9/5、名古屋“Roxx”で披露したノンフィクション小説、今日は日本では報道されていない“9/12以降”の出来事の体験談を。 



 『2001年9月12日以降』 


当初の予定では11日の夜、ヤンキースタジアムでヤンキース対ホワイトソックスの試合を観戦、翌日からは隣のニュージャージー州に移動してニューアーク空港でレンタカーを借り、僕の大好きなミュージシャン、ブルース・スプリングスティーン縁の地、アズベリーパーク等を巡り、ブルースの出身地のニュージャージー州フリーホールドのモーテルに宿泊する事になっていた。 


しかし、ニューアーク空港も閉鎖されレンタカーを借りる事は出来なくなった。 

マンハッタンは封鎖されていたはずなのに一体何故行けたのか未だに謎なのだがニューアークのアムトラックの駅までは行く事が出来た。 

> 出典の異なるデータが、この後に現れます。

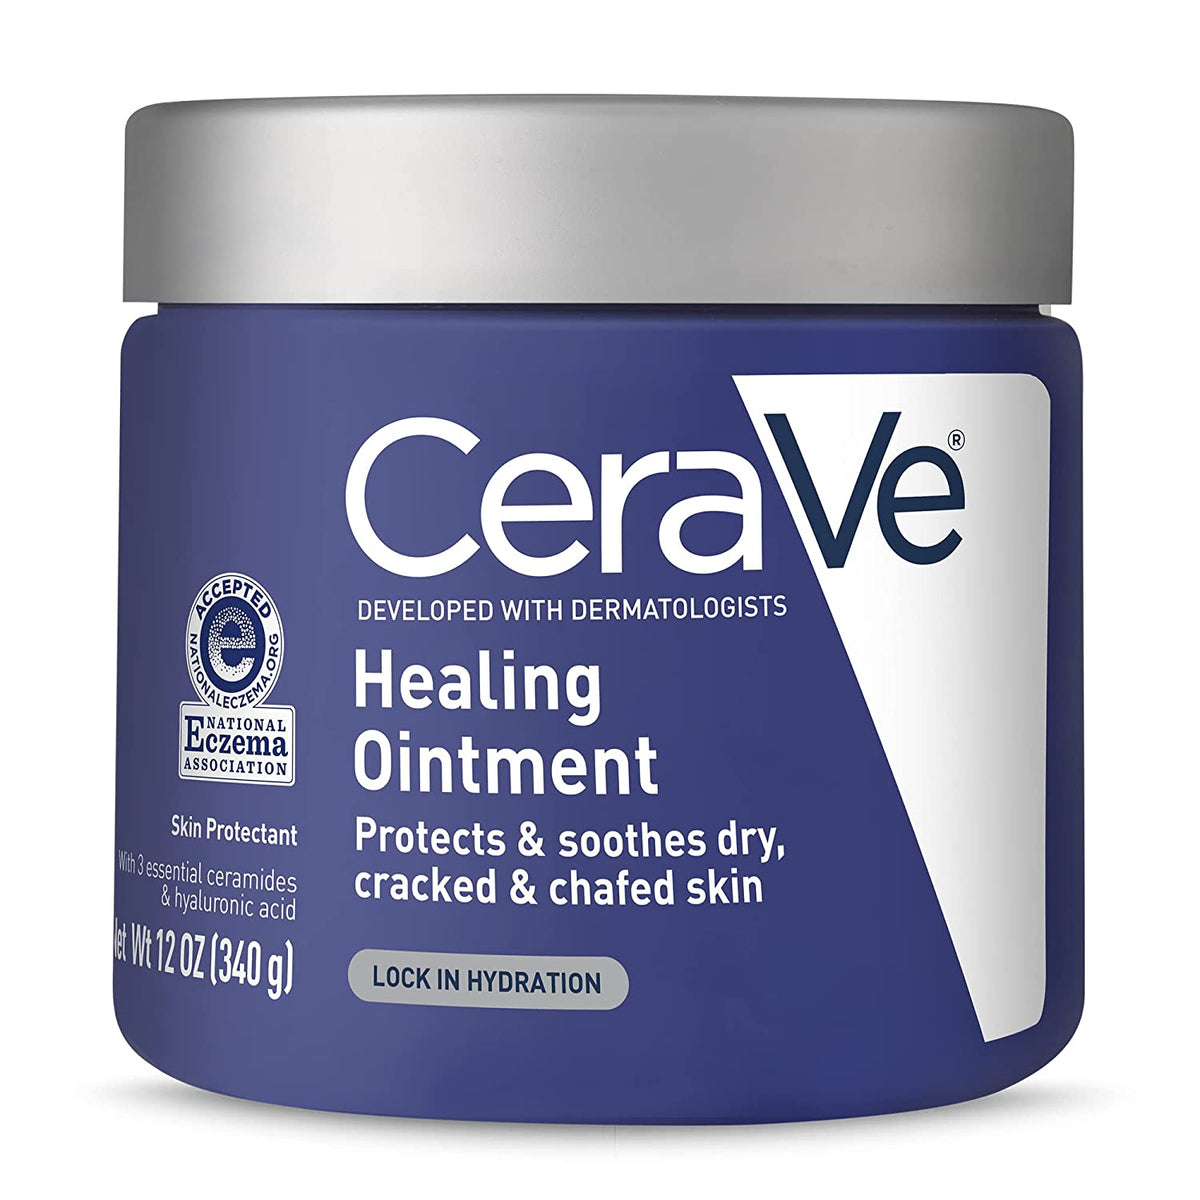 CeraVe Healing Ointment, 12oz

ただ、駅にたどり着くだけが精一杯、その先に進む事は全く不可能であった。 

フリーホールドにたどり着けないことにはその晩の宿が無い。 

駅で思案に暮れていると外が騒がしくなった。 

見ると何台ものパトカーが集まってきている。 

ポリスもかなりの人数だ。 

そしてポリスは駅の中にいる人々に外に出るように促した。 


かなり緊迫した状況だ。 

駅前の通りの向こう側まで行けと言う。 

僕達は通りの向こう側から事の成り行きを見守った。 


どんどんパトカーは集まってくる。 

その中に“Bomb何とか”と書かれた車両がいた。

“爆発物処理隊”のようだ。

どうやらニューアークの駅に爆弾が仕掛けられているという事だったらしい。 


結果的にはデマで事は収まったのだがあたかも映画のパニックシーンさながらの緊張感だった。


騒ぎも収まったので僕達はニューアーク駅前にあったヒルトンホテルにその晩の宿を求めて入ってみた。 


しかし、ロビーにはまだ大勢のポリスやFBIの捜査官と思われる人達、更には警察犬までいるではないか。 

とてもゆっくり休める状態ではなさそうだ。 

僕達はニュージャージーは完全に諦めてマンハッタンに戻る事にした。 


マンハッタンではフリーホールドに2泊した後に更に2泊する予定でホテル・ペンシルバニアというマジソンスクエアガーデンの向かいにあるホテルを予約してあった。 

マジソンの地下にはペン・ステーションという駅がある。

ニューアークからはあっと言う間にたどり着く事が出来た。 


そのホテルに行ってみた。 

2日後の予約があるのだがその前延長で今夜から泊まれないか尋ねた。
空き部屋はある、OKだ。

僕達はその日から4日間、マンハッタンで過ごす事になった。 


部屋に入り荷ほどきをして街に出る事にした。 

多くの犠牲者を出したテロ攻撃を受けた翌日だ。 

ニューヨークの街は閑散と、しかし殺伐とした雰囲気もあり、異様な空気を漂わせていた。 


そんな街角で僕達は壁にチラシを貼っている少女を見かけた。 

チラシには少女のお父さんだろう、男性の顔写真。 

 “Missing Person”、帰って来ないお父さんを探して下さいというチラシを貼っているのだ。 


そんな光景はマンハッタンのあちこちで見られた。 

家族や恋人、行方のわからない
愛する人を探す人々
の後ろ姿に僕達は涙を流さずにはいられなかった。